By Andy Sambidge  www.arabianbusiness.com

More than $6bn worth of hotel projects are due for completion in the Middle East by 2013 but greater emphasis is being put on sustainability, an industry expert said on Sunday.

Hotel construction shows no sign of slowing down in the Middle East. (Getty Images)
Hotel construction shows no sign of slowing down in the Middle East. (Getty Images)

Despite the spectre of a double-dip recession in Europe and the US, as well as unrest in the MENA region, hospitality infrastructure and the associated supplies industry were still witnessing steady growth, Frederique Maurell, exhibition director, The Hotel Show, said.

“Despite macro-economic indicators, there is little doubt that the regional hospitality industry is now experiencing solid if unspectacular growth,” she said.

“With over $6 billion worth of hotel projects, mainly in the UAE, Qatar and Saudi Arabia, still due for completion by 2013, the industry is looking forward with renewed confidence,” she added.

“We are, quite naturally perhaps, already seeing greater emphasis on sustainability and technology, not only to save energy, enhance efficiency and save money.”

Last month, hotel industry data analysts STR Global said selected markets in the Middle East hospitality sector would see more than half their current supply of hotels coming online in the next few years.

Elizabeth Randall, managing director of STR Global,said the glut of development in the region could create “challenging market conditions” in the short term.

She said Abu Dhabi was likely to report the largest increase in supply (89.4 percent) if every one of the 13,405 additional rooms in its total active pipeline open.

Other markets to expect significant increases in existing supply include Riyadh, Saudi Arabia (77.2 percent with 4,831 rooms in its total active pipeline); Jeddah, Saudi Arabia (50.5 percent with 3,033 rooms); Muscat, Oman (49.5 percent with 1,931 rooms); and Dubai (49.2 percent with 28,474 rooms).
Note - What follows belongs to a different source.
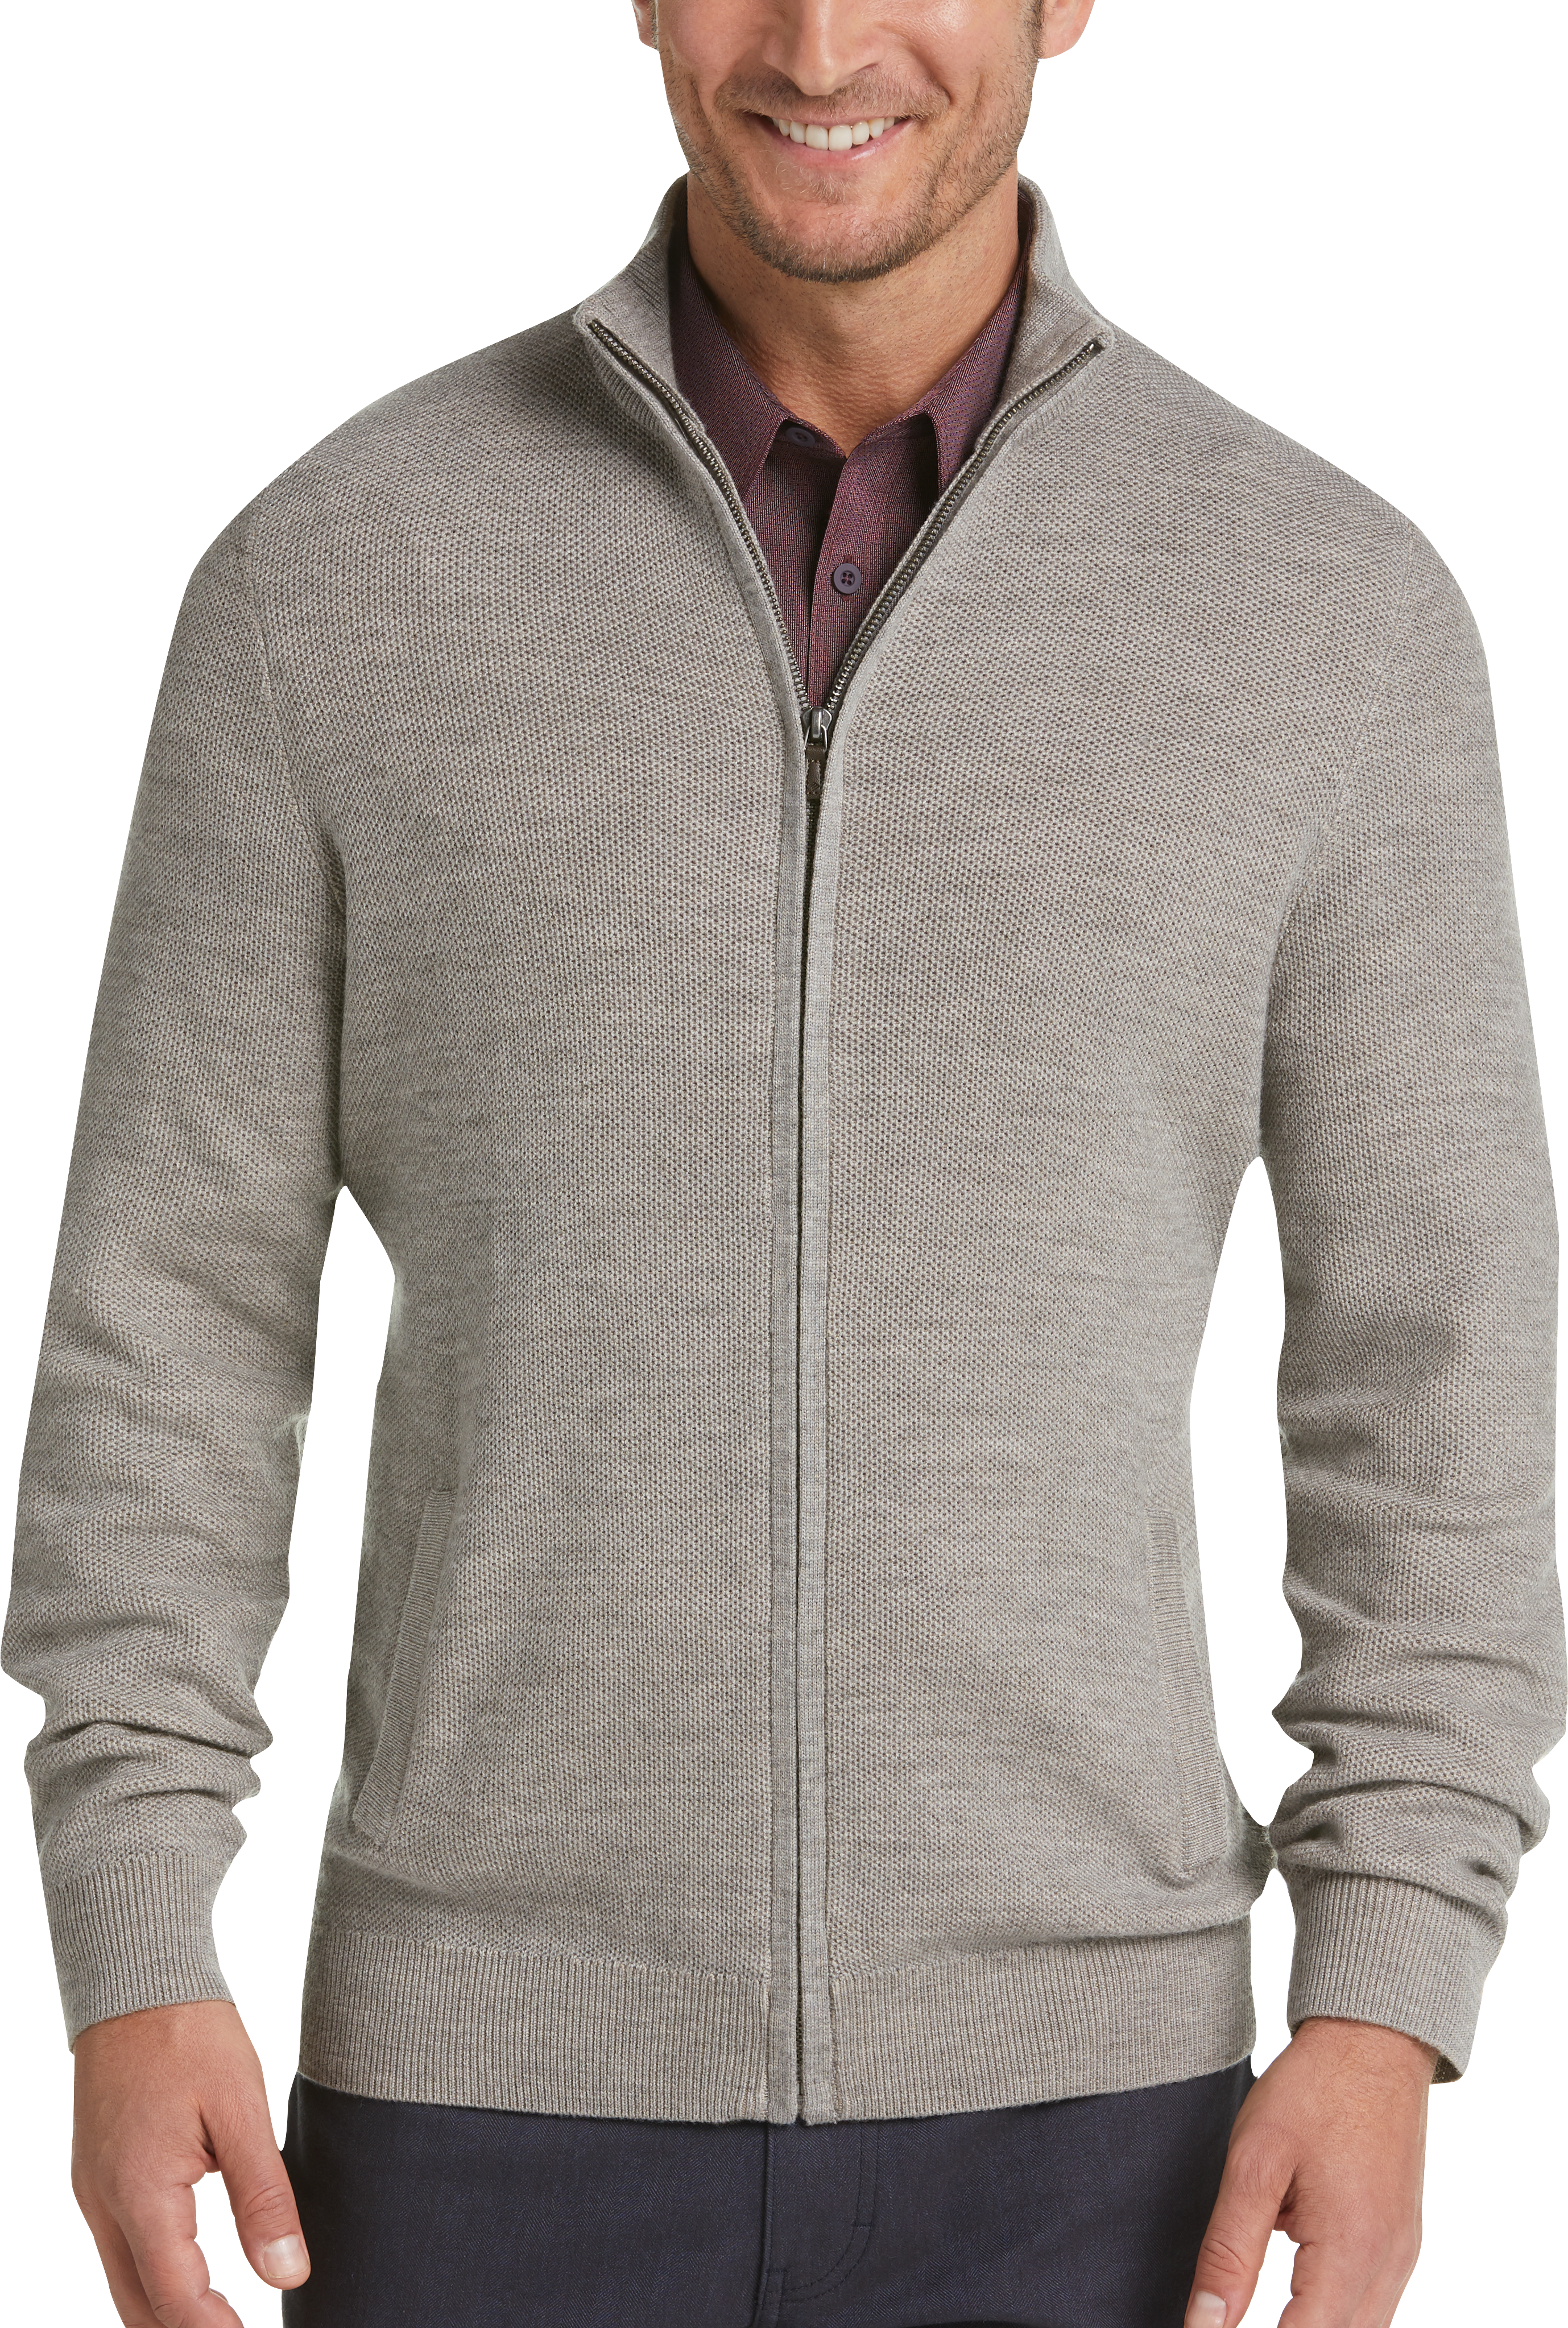 Joseph Abboud Light Gray Full-Zip Sweater - Men's Sale | Men's Wearhouse

STR Global also said occupancy rates at hotels in the Middle East and North Africa region fell more than 12 percent in February.

According to data compiled by STR Global, the region’s occupancy dropped to 56.7 percent but a large part of this fall was seen in Egypt where rates slumped 79 percent compared to the same period in 2010, due to the political unrest.

Despite the occupancy declines, the region’s average daily rate (ADR) rose 17.1 percent to $188.53, and its revenue per available room (RevPAR) went up 2.3 percent to $106.92.

The Hotel Show will place at the Dubai World Trade Centre on May 17-19, with 400 exhibitors representing 25 countries.